F. Defendants shall not, except as part of a divestiture approved by the United States in accordance with the terms of the proposed Final Judgment, remove, sell, lease, assign, transfer, pledge or otherwise dispose of any of the Georgia-Pacific AFH Tissue Business.

G. Defendants shall maintain, in accordance with sound accounting principles, separate, accurate and complete financial ledgers, books and records that report on a periodic basis, such as the last business day of every month, consistent with past practices, the assets, liabilities, expenses, revenues and income of the Georgia-Pacific AFH Tissue Business.

H. Defendants shall take no action that would jeopardize, delay, or impede the sale of the Georgia-Pacific AFH Tissue Business.

I. Georgia-Pacific's employees with primary responsibility for the Georgia-Pacific AFH Tissue Business shall not be transferred or reassigned to other areas within the company except for transfer bids initiated by employees pursuant to defendants' regular, established job posting policy. Defendant shall provide the United States with ten (10) calendar days notice of such transfer.

J. Prior to consummation of their transaction, defendants shall appoint Lee M. Bingham to oversee the Georgia-Pacific AFH Tissue Business, and to be responsible for defendants' compliance with this section.

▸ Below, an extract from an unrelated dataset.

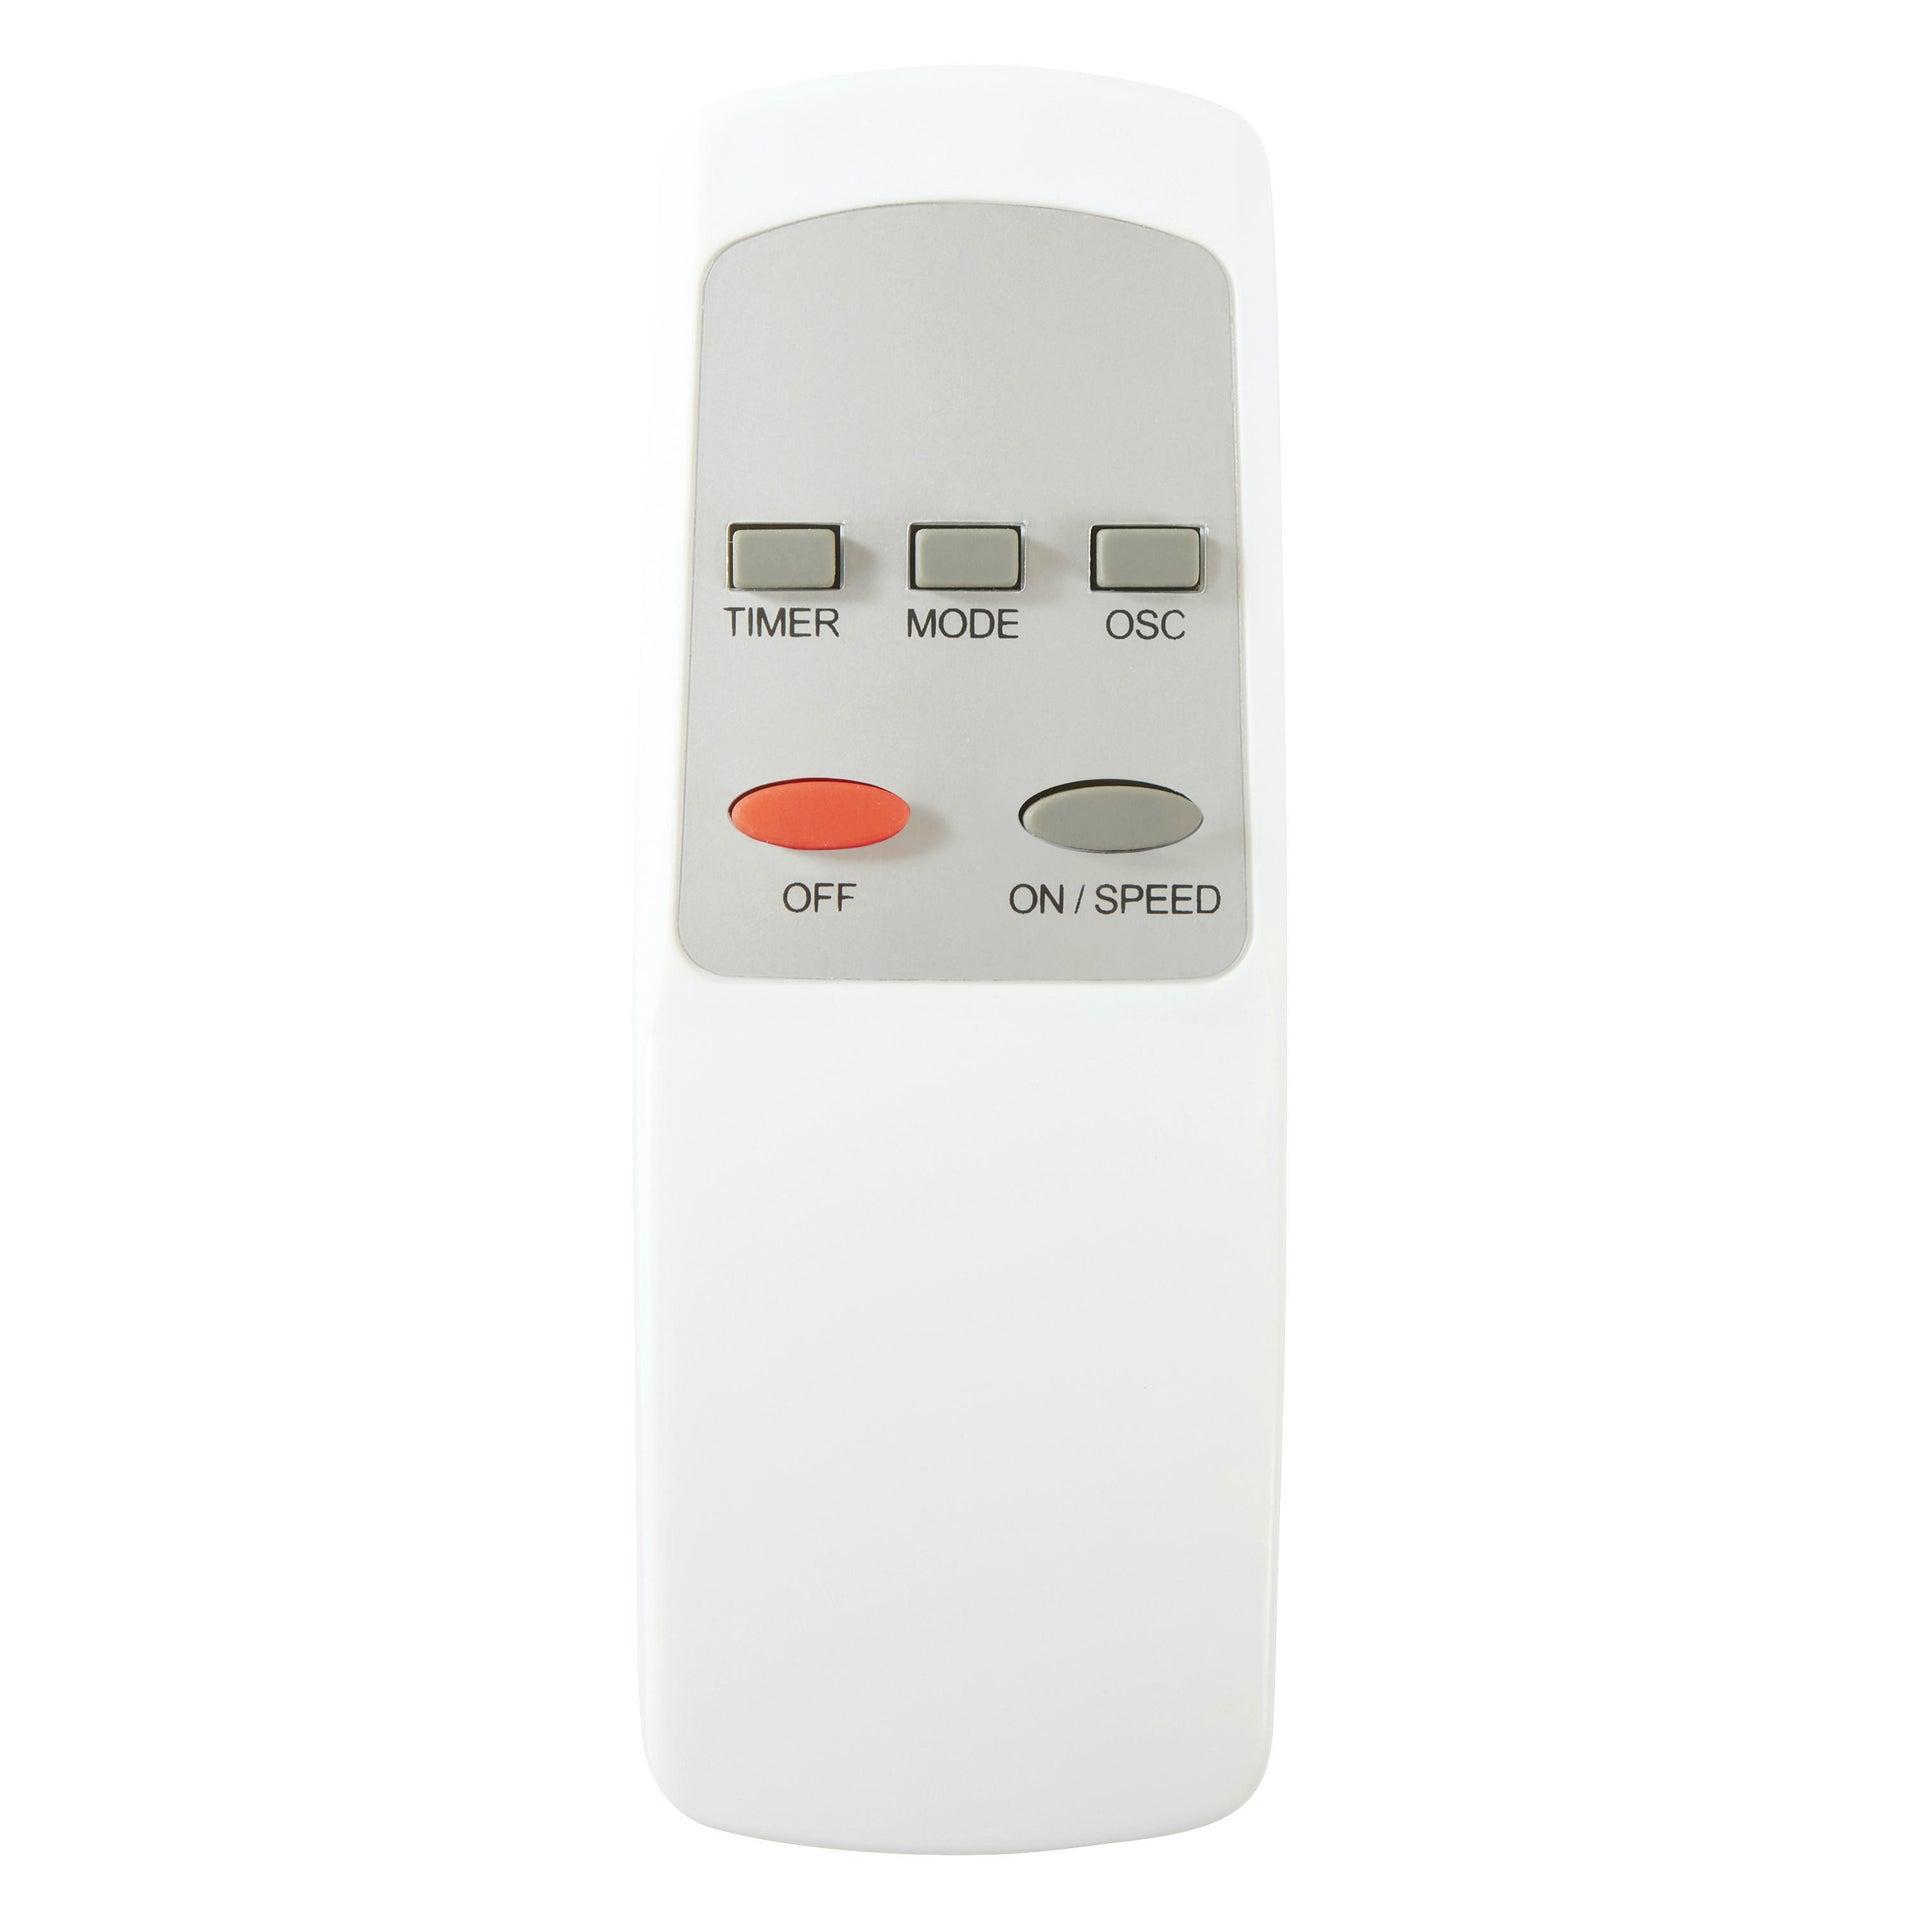 Ventilatore a parete EQUATION TX-1610R1 silver argento 55 W Ø 40 cm - 2

This person shall have complete managerial responsibility for the Georgia-Pacific AFH Tissue Business, subject to the provisions of this Final Judgment. In the event such person is unable to perform his duties, defendants shall appoint, subject to the approval of the United States, a replacement within ten (10) working days. Should defendants fail to appoint a replacement acceptable to the United States within this time period, the United States shall appoint a replacement.

K. Defendants shall take no action that would interfere with the ability of any trustee appointed pursuant to the Final Judgment to monitor and complete the divestiture pursuant to the Final Judgment to a purchaser or purchasers acceptable to the United States.

L. This Hold Separate Stipulation and Order shall remain in effect until consummation of the divestiture required by the proposed Final Judgment or until further order of the Court.

Dated: November _21_, 2000



    Respectfully submitted,


FOR PLAINTIFF
UNITED STATES OF AMERICA

_______________/"s"/________________
Justin M. Dempsey, Esq.
U.S. Department of Justice
Antitrust Division
Litigation II Section
1401 H Street, NW
Suite 3000
Washington, DC 20530
(202) 307-5815

FOR DEFENDANT
GEORGIA-PACIFIC CORPORATION

_______________/"s"/________________
Wayne Dale Collins, Esq.
Shearman & Sterling
Lexington Avenue
New York, NY 10022
(212) 848-4127

FOR DEFENDANT
FORT JAMES CORPORATION

_______________/"s"/________________
Ilene Knable Gotts, Esq.
Wachtell, Lipton, Rosen & Katz
51 W. 52nd Street
New York, NY 10019
(212) 403-1247




O R D E R

IT IS SO ORDERED by the Court, this _21st_ day of November, 2000.